In the last decade and a half enormous shifts towards more realistic Masonic history have exposed how little progress had been made previously. Robert Peter, a European scholar, in 2016 introduced five volumes covering the period 1717 to 1813. His diagnosis that ‘British Masonic research’ is yet ‘in its infancy’ acknowledged that the failings he goes on to point to relate to work done after his cut-off date. The previous three centuries and its hundreds of thousands of books, sermons, reviews and ‘re-interpretations’ had, in his view, produced:

* ‘Hermetically- sealed Masonic universes’, ‘one-dimensional hagiographies’ and the use by Masonic authors of other Masons as both ‘primary and secondary sources’ (p.xiv)

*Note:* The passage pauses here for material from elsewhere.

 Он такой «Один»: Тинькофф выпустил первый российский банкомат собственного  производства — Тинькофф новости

* ‘Many misconceptions about eighteenth-century adoption lodges’ [which allowed female participation] have been ‘frequently repeated in the scholarly literature’;

* a failure to integrate ‘the religious history of Freemasonry’ into eighteenth-century scholarship.’ (p.xviii)

He noted that

* ‘Many scholarly works still exaggerate the secular aspects of masonic ideology and practice at the expense of its mythic, ritualistic and religious dimensions’;

* ‘The lack of statistical data…has hardly changed in the last twenty years with regard… (to) Freemasonry in the British Isles’ (p.xix)

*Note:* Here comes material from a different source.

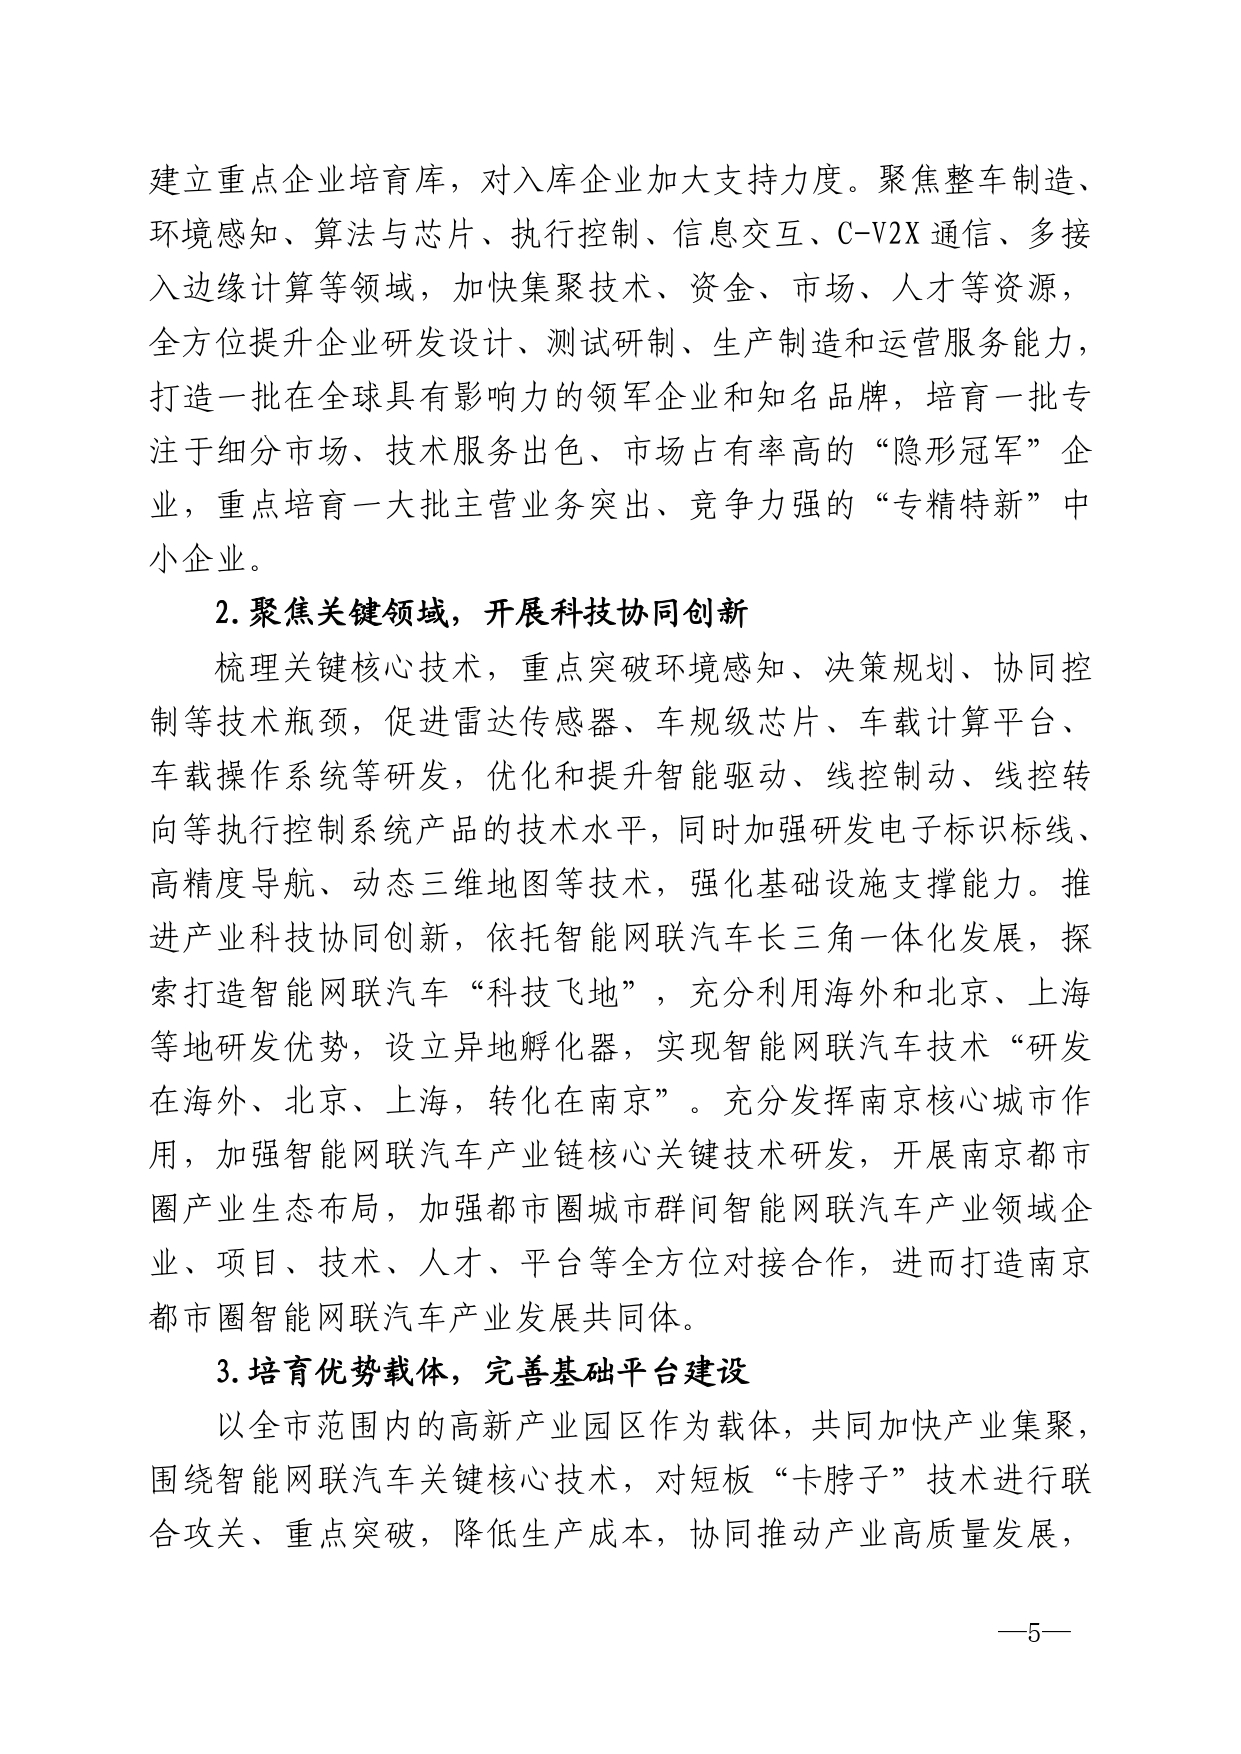 2021年第4期（关于南京智能网联汽车产业高质量发展建议）_page-0005.jpg

* English-language scholarship has been ‘largely Anglo-Centric’; (p.xx); with very little on Scottish, and nothing on Welsh Freemasonry (p.xxxi)

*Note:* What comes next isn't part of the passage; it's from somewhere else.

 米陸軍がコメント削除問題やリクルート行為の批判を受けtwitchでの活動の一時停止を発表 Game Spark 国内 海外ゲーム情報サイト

* ‘Historians of Freemasonry – many of whom are members of the Order – have paid less attention to the inconsistencies between masonic idealism and practice because their goal was to highlight how successful Freemasons were’. (p.xxiv-v)

* ‘The watchwords of masonic rhetoric and idealism…were frequently repeated in masonic sermons, lectures and official publications…’

He observed that ‘naturally, masonic practice is much more ambivalent and contradictory…’; (p.xxiv-v) and that in particular:

* ‘The fourth volume sheds new light on the intolerant attitudes of certain (Grand) lodges towards ‘the Other’, that is, discrimination against people of low social standing and differing political opinions.’ (p.xxv-vi), and

* ‘Freemasonry in the British Isles was fractured and polarised during the long eighteenth century’ (p.xxvii)

This is quite a list but is still incomplete. In real-time, ‘Masonry’ was never hermetically-sealed off from its context, and the motives for brethren writing as though it was are worth emphasising. ‘Freemasonry’s’ originating document, the ‘Constitution’ of 1723 set the trend. ‘The Society of Free-Masons’ which it announced was shaped by its context. The Constitution was written for its context. Both have claimed that it was not. Subsequent pronouncements issued in its name, and even many in opposition, have adopted that assertion. The context has changed enormously but the approach has persisted – that ‘Freemasonry’ was entitled to claim to be aloof from or immune to its real-time world. As Scottish scholar David Stevenson noted in 2000 the founders of the ‘Society of Free-Masons’ were players in local and in global politics. They were directly involved in life-and-death struggles, including with ‘the Jews’ and the Roman Catholic Church.

Neither the Society nor its founding publication have been assessed as needs-based productions for a specific context, with particular intent. Rarely has the document been assessed for its truthfulness, nor have its consequences been adequately examined.

[i] M Aarons & J Loftus, The Secret War Against the Jews, Reed, 1994, p.18.

[ii] L Zeldis, ‘The Protocols of the Elders of Zion – Anti-Masonry and Anti-Semitism’, on Pietre-Stones Review of Freemasonry, web-site, Sept 2017.

[iii] P Maciejko, The Mixed Multitude, U of Penn, 2011, p.219.

[iv] Pro-GM Lord Northampton, ‘Whither Directing Our Course?’, 2009, reprinted in Harashim, April, 2018, p.11.

[v] Website <Universal Freemasonry – To the Glory of God>, 11/2017.

[vi] J Passmore on Teilhard, quoted by J Brooke, ‘Visions of Perfectibility’, Jnl of Evolution and Technology, 14 (2) August, 2005, p.8.

[vii] M Viorst, What Shall I Do With This People? Free Press, 2002.

[viii] J Billington, The Fire in the Minds of Men, Basic Books, 1980, p.24.

[ix] M Jacob, Living the Enlightenment, OUP, 1991, p.21.